MATERIAL PROVIDED ▸
:::
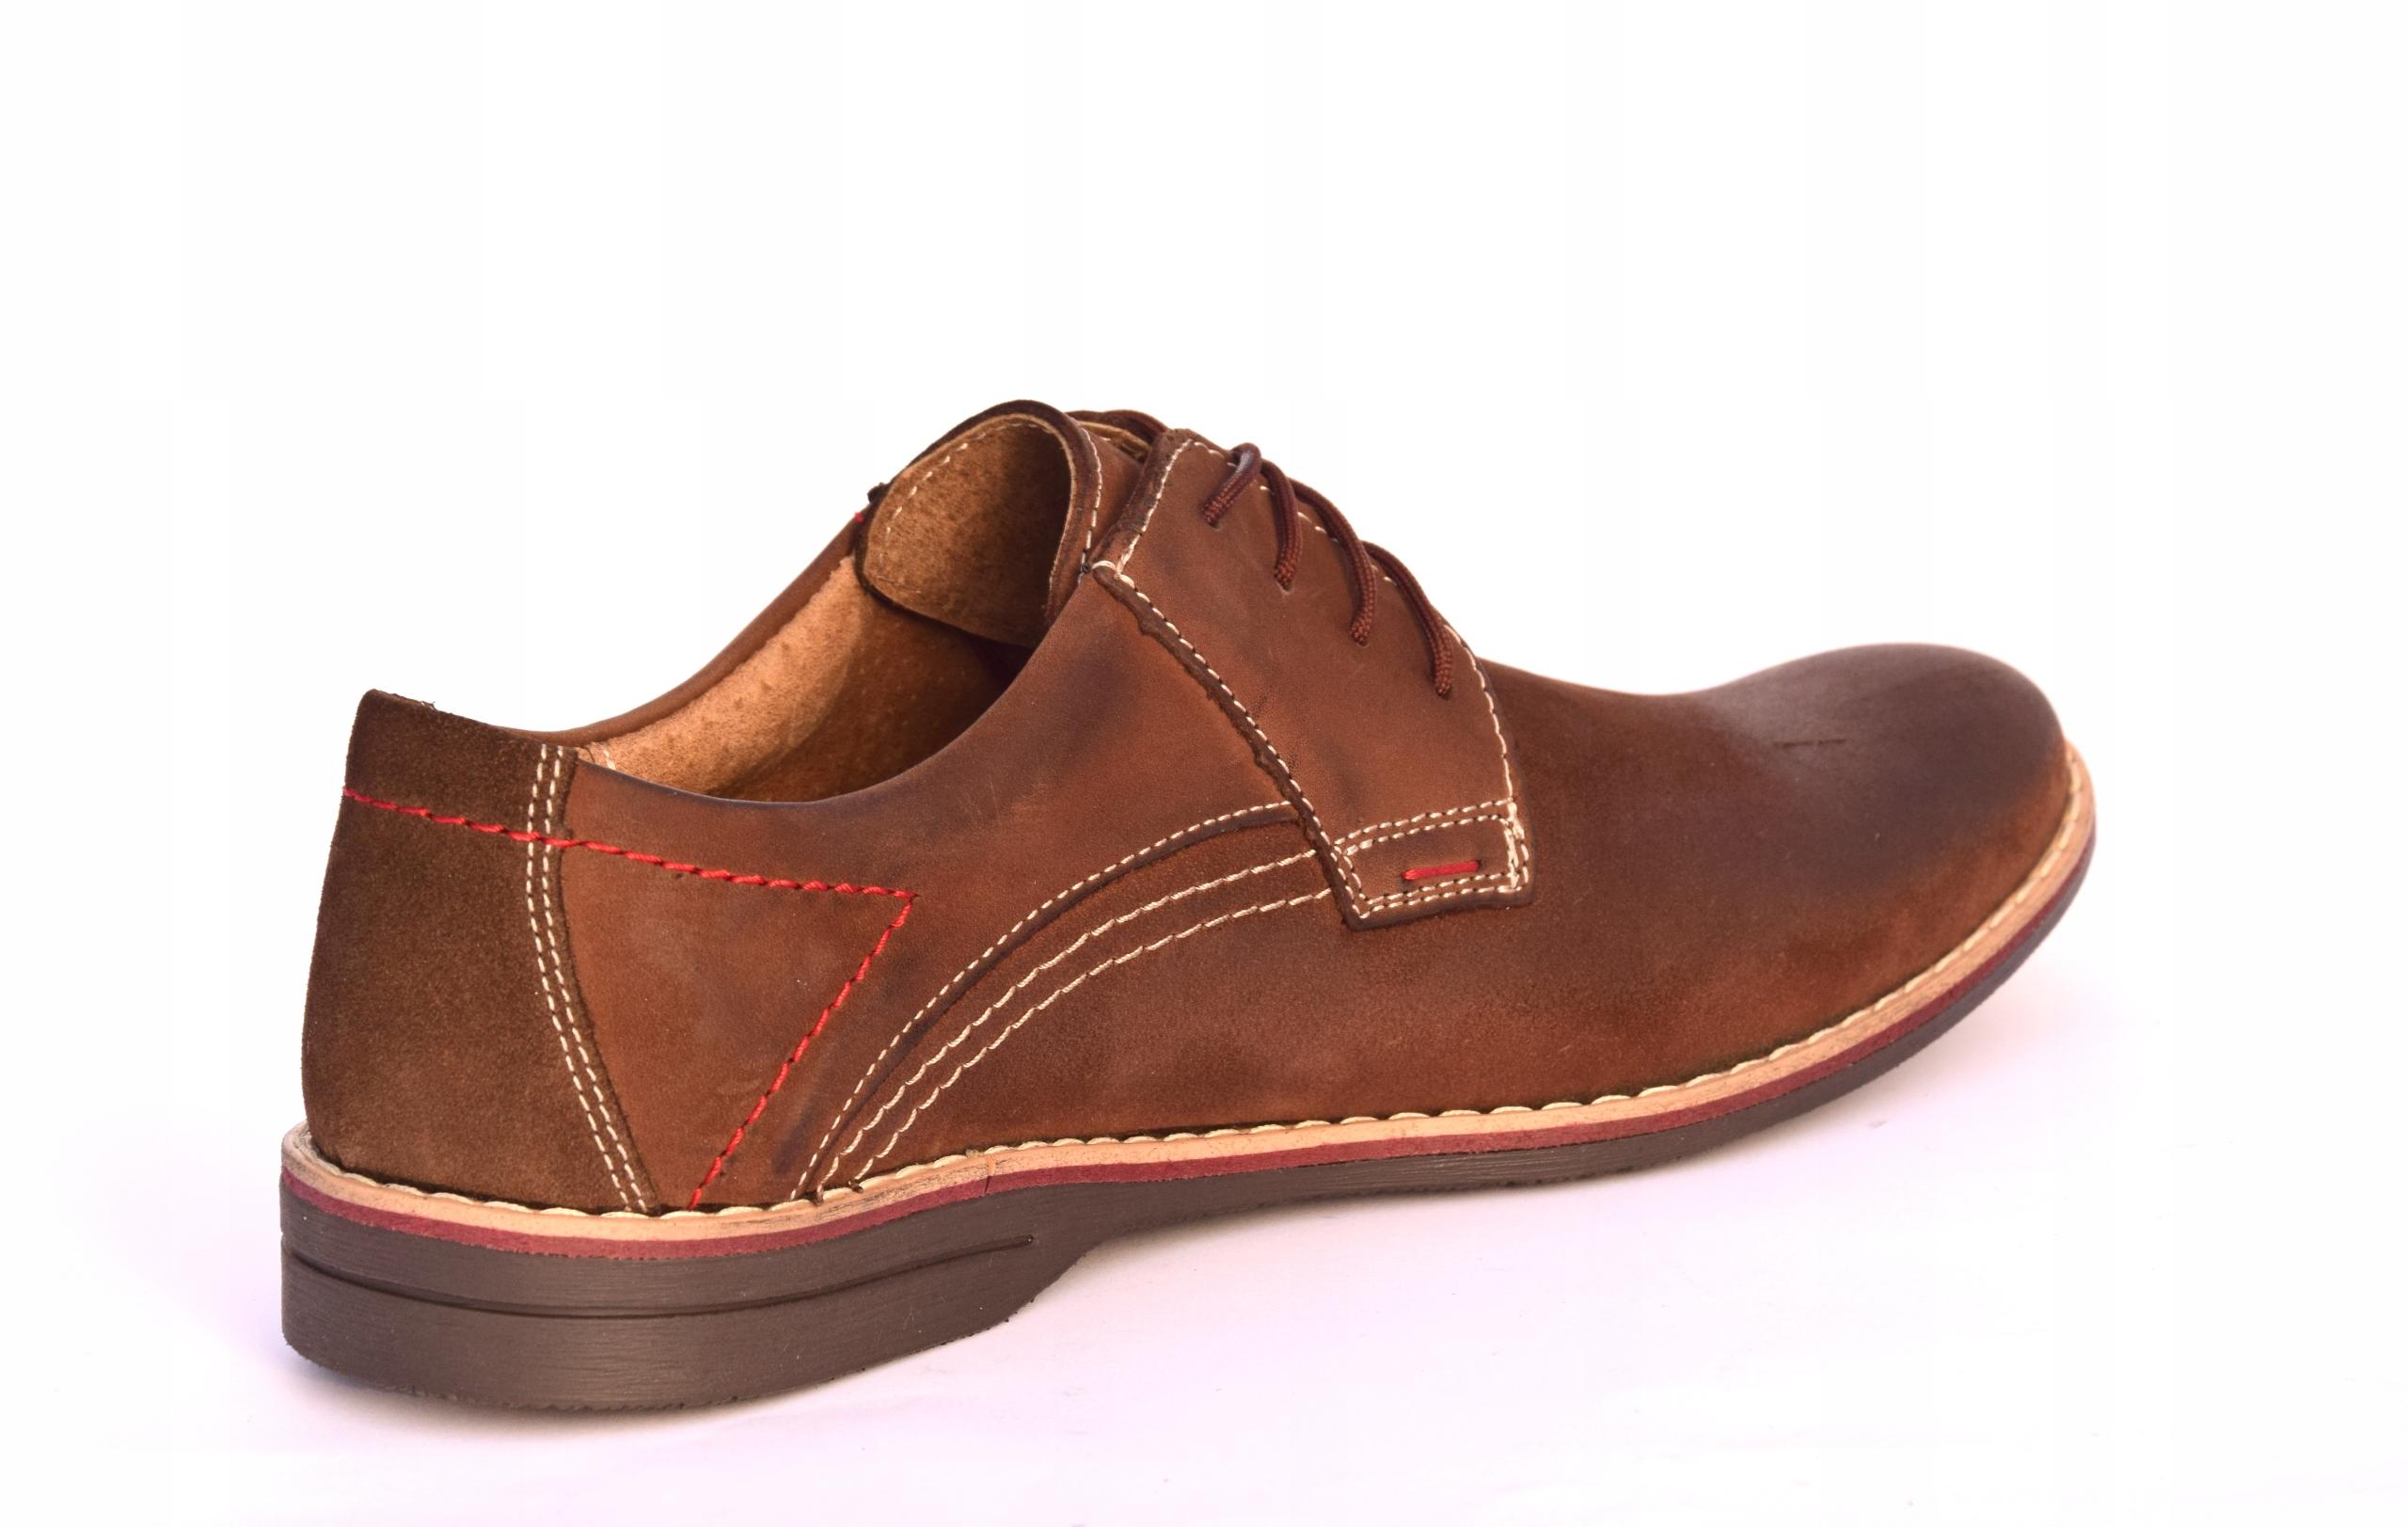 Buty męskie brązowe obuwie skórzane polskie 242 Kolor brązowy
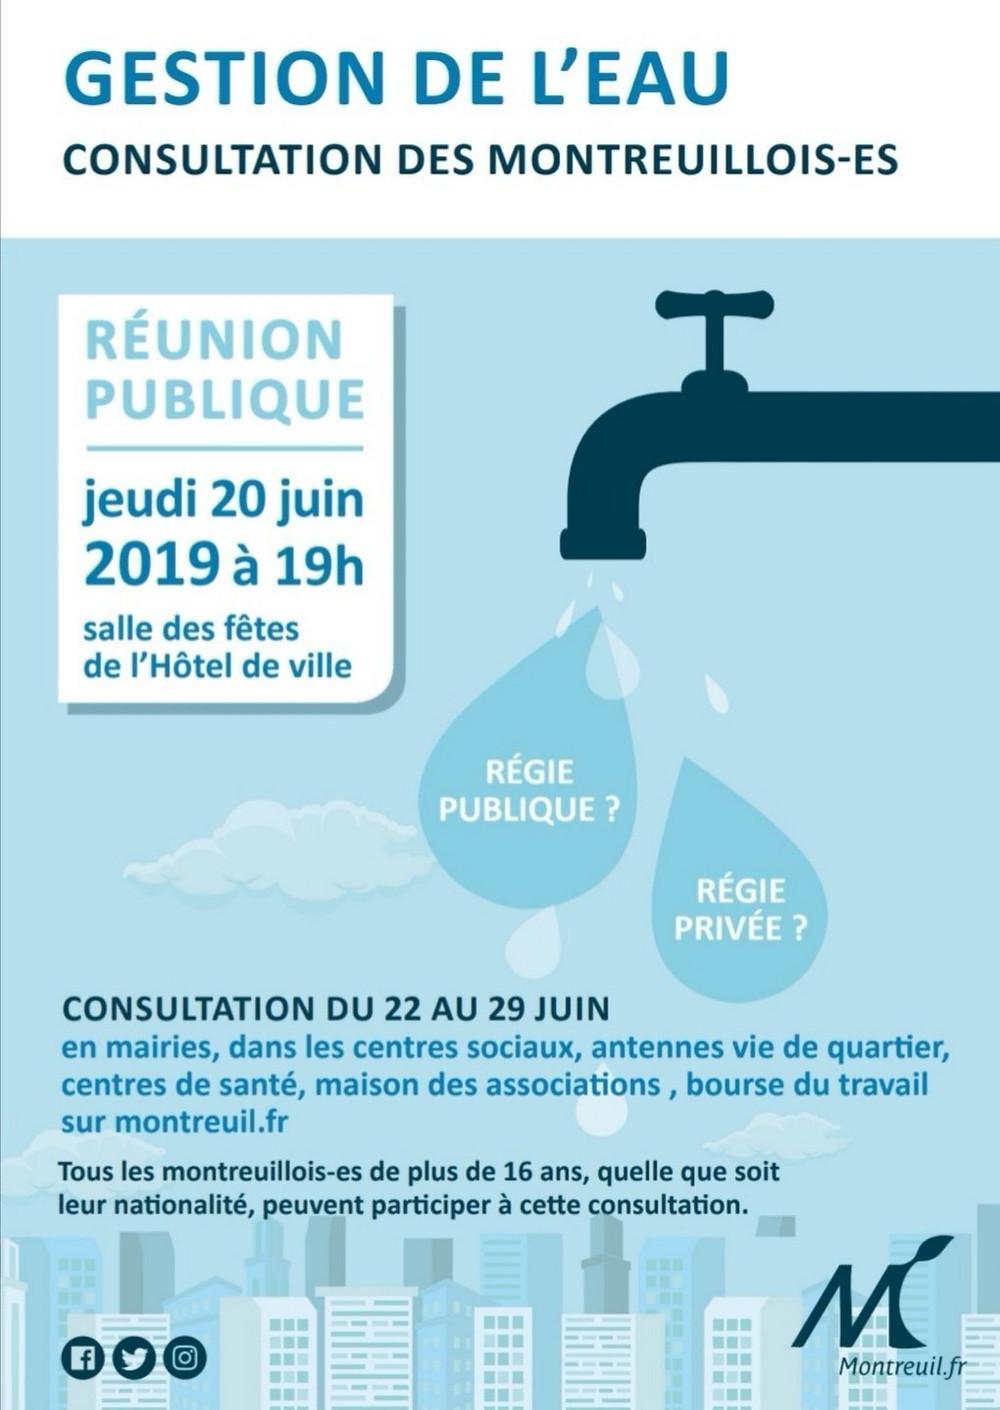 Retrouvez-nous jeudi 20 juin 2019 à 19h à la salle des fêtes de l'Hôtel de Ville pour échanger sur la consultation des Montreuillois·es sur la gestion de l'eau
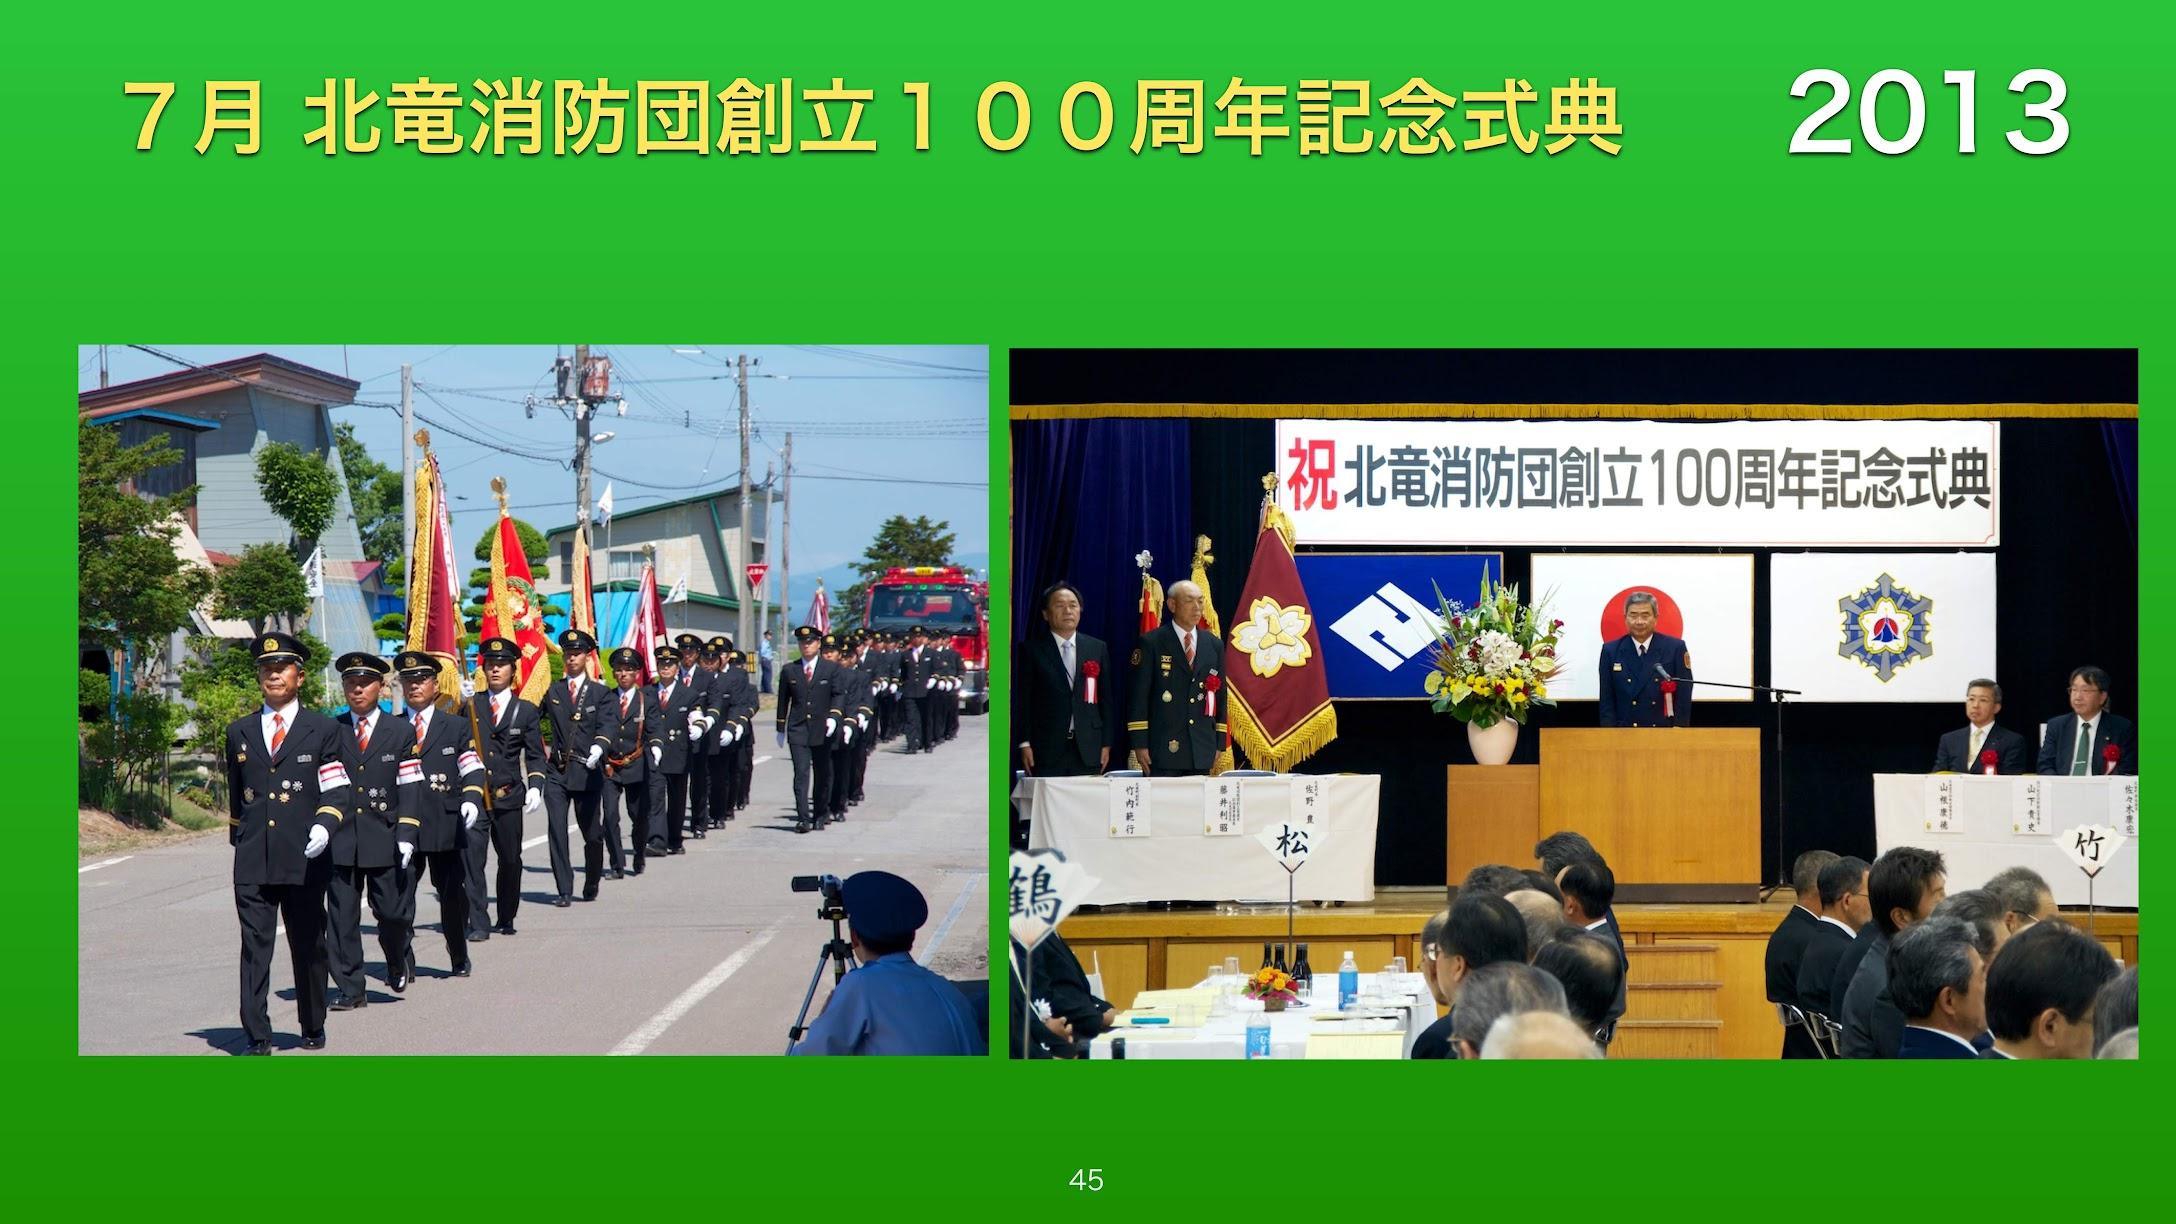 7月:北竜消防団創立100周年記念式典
:::
WHAT THE TASK REQUIRES ▸ Your task is to retype exactly, and only, the lines from the one that holds "Retrouvez-nous jeudi 20" through the end of the listing, both end lines included, without any pictures.

COMPLETED TASK ▸
 Retrouvez-nous jeudi 20 juin 2019 à 19h à la salle des fêtes de l'Hôtel de Ville pour échanger sur la consultation des Montreuillois·es sur la gestion de l'eau
 7月:北竜消防団創立100周年記念式典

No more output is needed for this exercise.